[[ DATA SHOWN, beginning ]]
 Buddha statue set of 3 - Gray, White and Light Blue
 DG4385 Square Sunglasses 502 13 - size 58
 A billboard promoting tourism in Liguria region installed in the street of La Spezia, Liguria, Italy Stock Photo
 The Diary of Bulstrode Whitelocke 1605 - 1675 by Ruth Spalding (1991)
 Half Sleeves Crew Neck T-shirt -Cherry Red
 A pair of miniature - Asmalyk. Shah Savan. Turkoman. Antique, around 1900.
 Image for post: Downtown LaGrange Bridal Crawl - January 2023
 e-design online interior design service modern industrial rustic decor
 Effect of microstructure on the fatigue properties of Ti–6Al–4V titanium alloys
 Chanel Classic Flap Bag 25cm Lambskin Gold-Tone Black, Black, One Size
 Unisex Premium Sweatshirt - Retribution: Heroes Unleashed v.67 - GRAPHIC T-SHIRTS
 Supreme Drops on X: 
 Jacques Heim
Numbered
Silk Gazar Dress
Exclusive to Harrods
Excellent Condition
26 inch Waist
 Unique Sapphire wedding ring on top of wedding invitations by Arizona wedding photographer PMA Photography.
[[ DATA SHOWN, end ]]
• PROMPT
Reproduce word for word the lines of the records above, beginning at the first and ending with the line where "26 inch Waist" appears, and nothing past it.

• SOLVED EXERCISE
 Buddha statue set of 3 - Gray, White and Light Blue
 DG4385 Square Sunglasses 502 13 - size 58
 A billboard promoting tourism in Liguria region installed in the street of La Spezia, Liguria, Italy Stock Photo
 The Diary of Bulstrode Whitelocke 1605 - 1675 by Ruth Spalding (1991)
 Half Sleeves Crew Neck T-shirt -Cherry Red
 A pair of miniature - Asmalyk. Shah Savan. Turkoman. Antique, around 1900.
 Image for post: Downtown LaGrange Bridal Crawl - January 2023
 e-design online interior design service modern industrial rustic decor
 Effect of microstructure on the fatigue properties of Ti–6Al–4V titanium alloys
 Chanel Classic Flap Bag 25cm Lambskin Gold-Tone Black, Black, One Size
 Unisex Premium Sweatshirt - Retribution: Heroes Unleashed v.67 - GRAPHIC T-SHIRTS
 Supreme Drops on X: 
 Jacques Heim
Numbered
Silk Gazar Dress
Exclusive to Harrods
Excellent Condition
26 inch Waist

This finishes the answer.